KR20180120488A

KR20180120488A - Classification and prediction method of customer complaints using text mining techniques

Info

Publication number: KR20180120488A
Application number: KR1020170054520A
Authority: KR
Inventors: 배석주; 정륜선
Original assignee: 한양대학교 산학협력단
Priority date: 2017-04-27
Filing date: 2017-04-27
Publication date: 2018-11-06

Abstract

A classification and prediction method for customer complaints using a text mining technique is disclosed. The classification and prediction method for customer complaints using a text mining technique can more accurately predict the customer complaints by analyzing the customer complaints in VOC data with various opinions of a customer using a classification and prediction algorithm for the customer complaints and a TF-IDF technique that is one of the text mining techniques, using a previously defined algorithm as previous information and performing positive/negative classification of the previous information using a naive Bayesian classifier in order to extract complaint data from data crawled in internet, and comparing and analyzing an artificial neural network and an SVM method.

Description

[0002] Classification and prediction methods for customer complaints using text mining techniques [

본 발명은 텍스트 마이닝 기법을 활용한 고객 불만에 대한 분류 및 예측 방법에 관한 것이다. The present invention relates to classification and prediction methods for customer complaints using text mining techniques.

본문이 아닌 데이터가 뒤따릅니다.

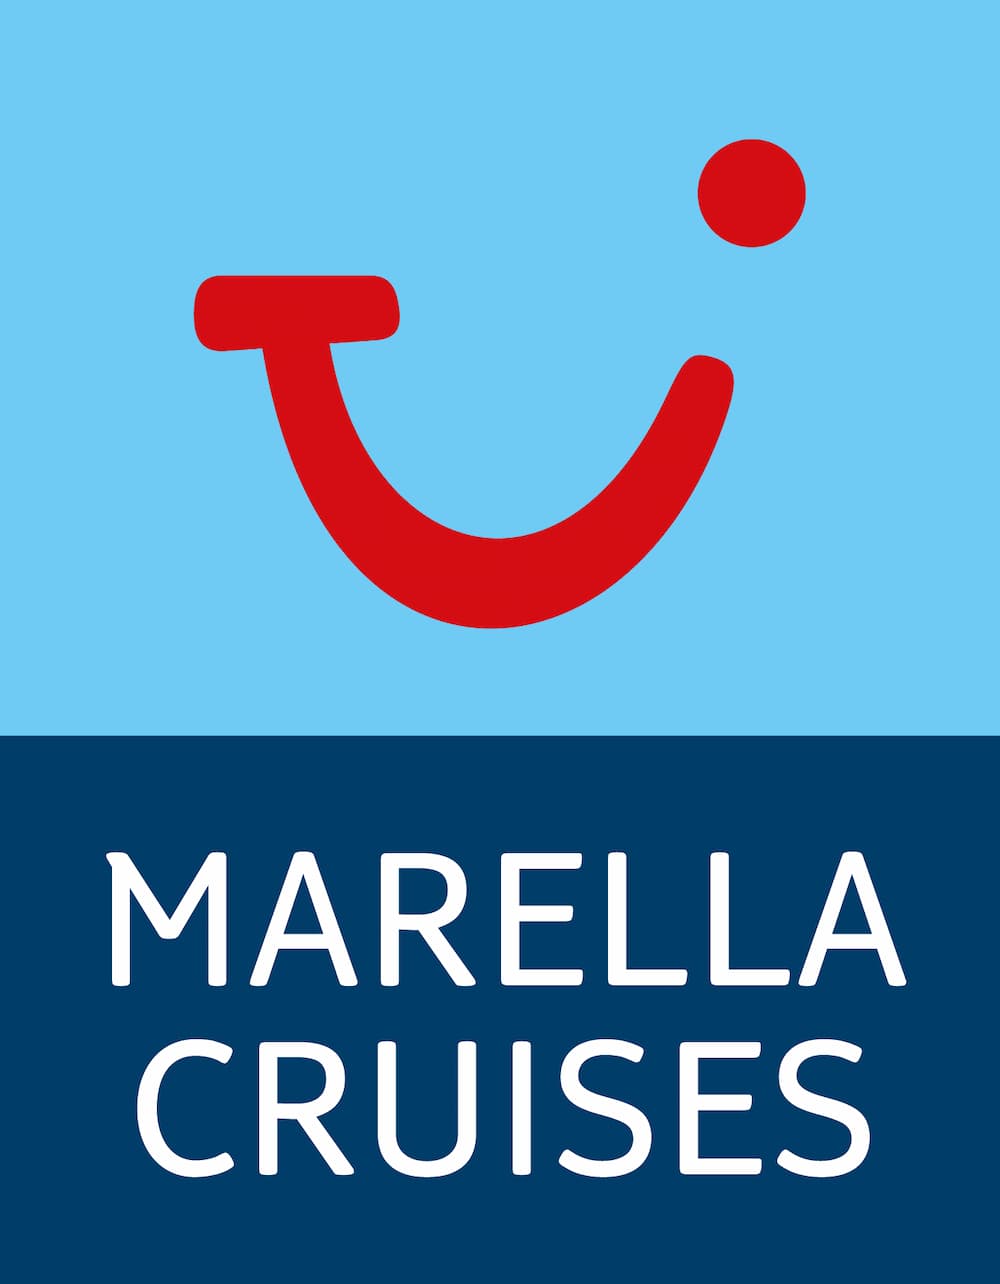 marella cruises around britain

VOC(Voice Of Customer)는 기업의 경영 활동에 있어서 고객들이 기업의 서비스에 반응하는 각종 문의, 불만, 제안 등을 의미한다.VOC (Voice Of Customer) refers to various inquiries, complaints, suggestions, etc. in response to customers' business services in business activities.

일반적으로 voc 분석 시스템은 콜 상담시스템의 콜 상담 정보, 민원관리 시스템의 전자민원, 서면민원, 칭 찬민원, 고객 아이디어 그리고 채팅상담 시스템에 있는 채팅상담 정보들을 수집하여 고도화된 언어처리 기법으로 분석하는 것이다. 텍스트마이닝을 활용한 voc 데이터 분석 기법은 유의미한 어휘(명사, 명사구)를 문서군 내의 발생 정도를 측정하고 이슈화되고 있는 어휘 순위를 기간(시간, 일간, 주간, 월간 등)측정, 랭킹 형식으로 제공하는 랭킹 분석, 어휘간의 관계성을 분석하여 연관 어휘를 플래시 형태의 시각화 등을 통해 표현하는 연관분석, 시간의 흐름에 따른 특정 어휘의 변화를 나타내는 추이 분석, 고객의 의견을 분석 하고 좋음/나쁨 형태로 자동으로 분류하는 평판 분석 등이 있다. In general, the voc analysis system collects chat counseling information in the call counseling system of the call counseling system, the electronic complaints of the civil service management system, will be. The voc data analysis technique using text mining measures the occurrence of meaningful vocabulary (nouns, noun phrases) in the document group and measures the lexical ranking of the issues in terms of period (time, day, weekly, monthly, etc.) Ranking analysis, analysis of relationship between vocabulary, association analysis that expresses related vocabulary through visualization of flash type, trend analysis which shows change of specific vocabulary according to time, analysis of customer's opinion, And reputation analysis that classifies automatically.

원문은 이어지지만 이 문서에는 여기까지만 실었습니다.